Bin neugierig geworden und habe in diesen Faden reingeschaut. Google zeigt mir an, dass das Dorf "Ольховка", wo ich meine ersten 5 Jahre verbracht habe, ca. 20-30 km süd-west-west-westlich von Perm liegt, an der U-Biegung vom Fluss (Südufer). Danach sind wir in die Nähe zum Schwarzen Meer gezogen.
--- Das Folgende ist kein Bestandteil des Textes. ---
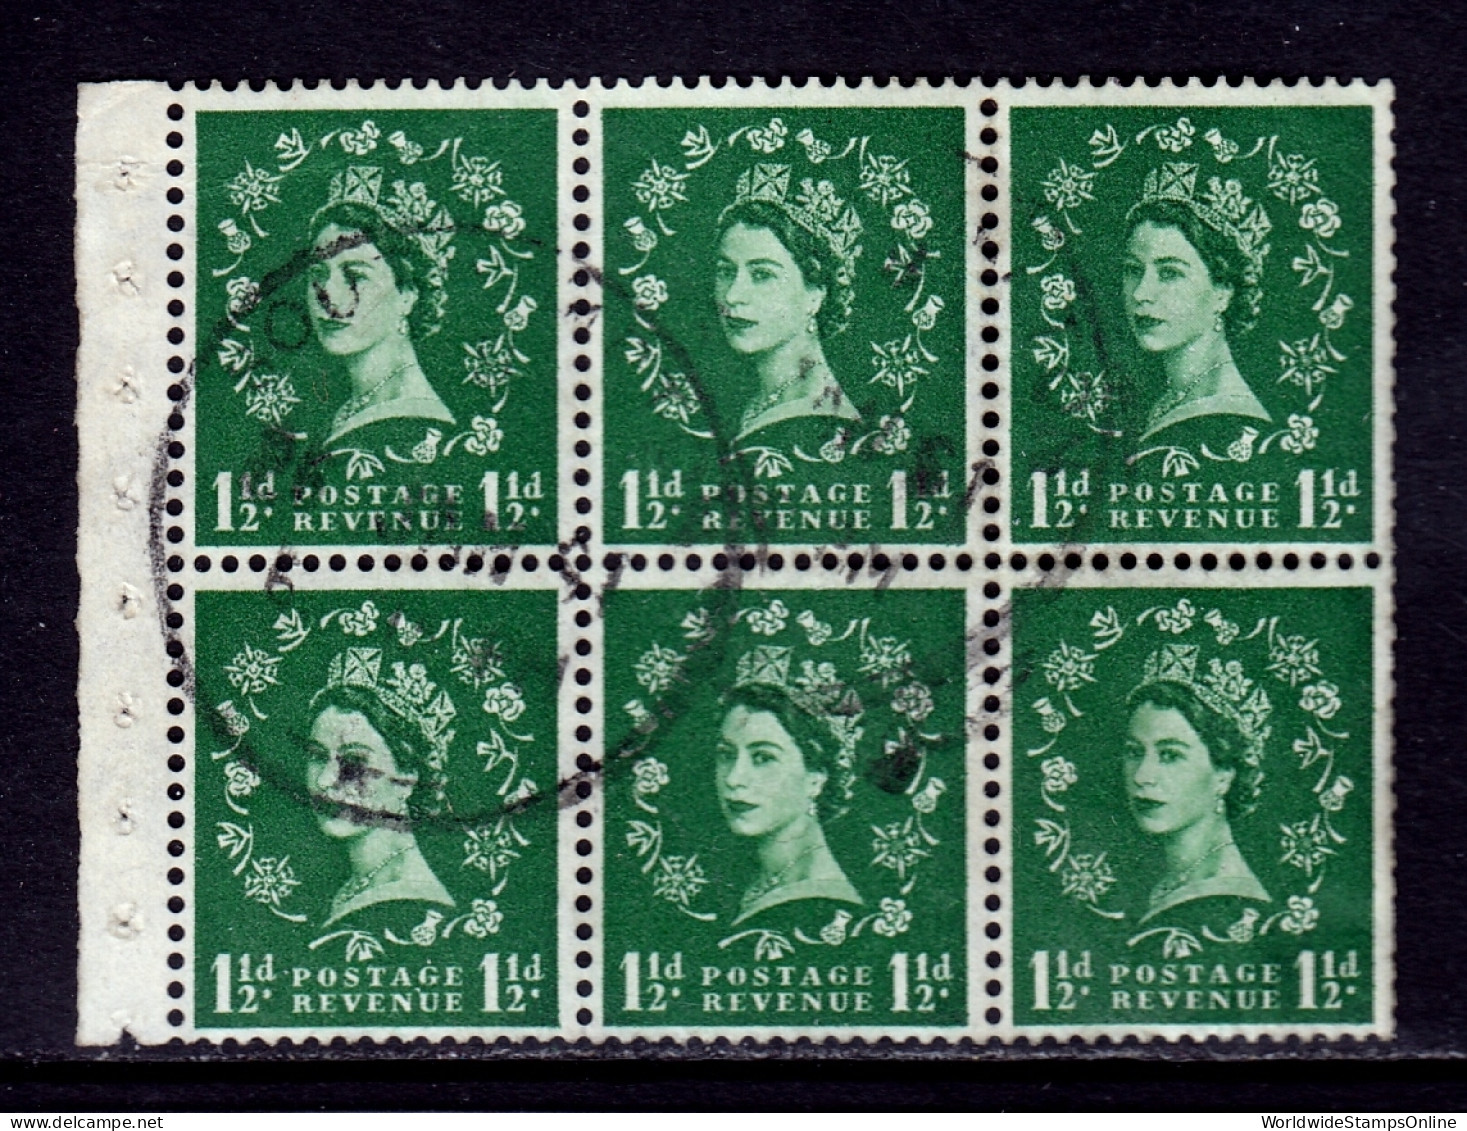 Great Britain - SG #572Wi - Used - Inverted Wmk., Full Booklet Pane - SG £7.50+ - Gebraucht

Du kannst ja das Alphabet, so wird dir diese Seite mit einer virtuellen Tastatur beim schreiben behilflich sein: www.russtast.de

Und der Google-Übersetzer ist sehr gut, deutsch <--> russisch translate.google.de/?hl=de&tab=wT

Das ist das russische Wiktionary: ru.wiktionary.org/wiki/Заглавная_страница
Munro

Re: Als wilder Tourist in Sibirien

Beitrag von Munro »

verus hat geschrieben: Mi 6. Mär 2019, 22:20 Bin neugierig geworden und habe in diesen Faden reingeschaut. Google zeigt mir an, dass das Dorf "Ольховка", wo ich meine ersten 5 Jahre verbracht habe, ca. 20-30 km süd-west-west-westlich von Perm liegt, an der U-Biegung vom Fluss (Südufer). Danach sind wir in die Nähe zum Schwarzen Meer gezogen.
Und von wo aus schreibst du im Moment?
In jedem Falle kennst du wohl den Alltag in Russland.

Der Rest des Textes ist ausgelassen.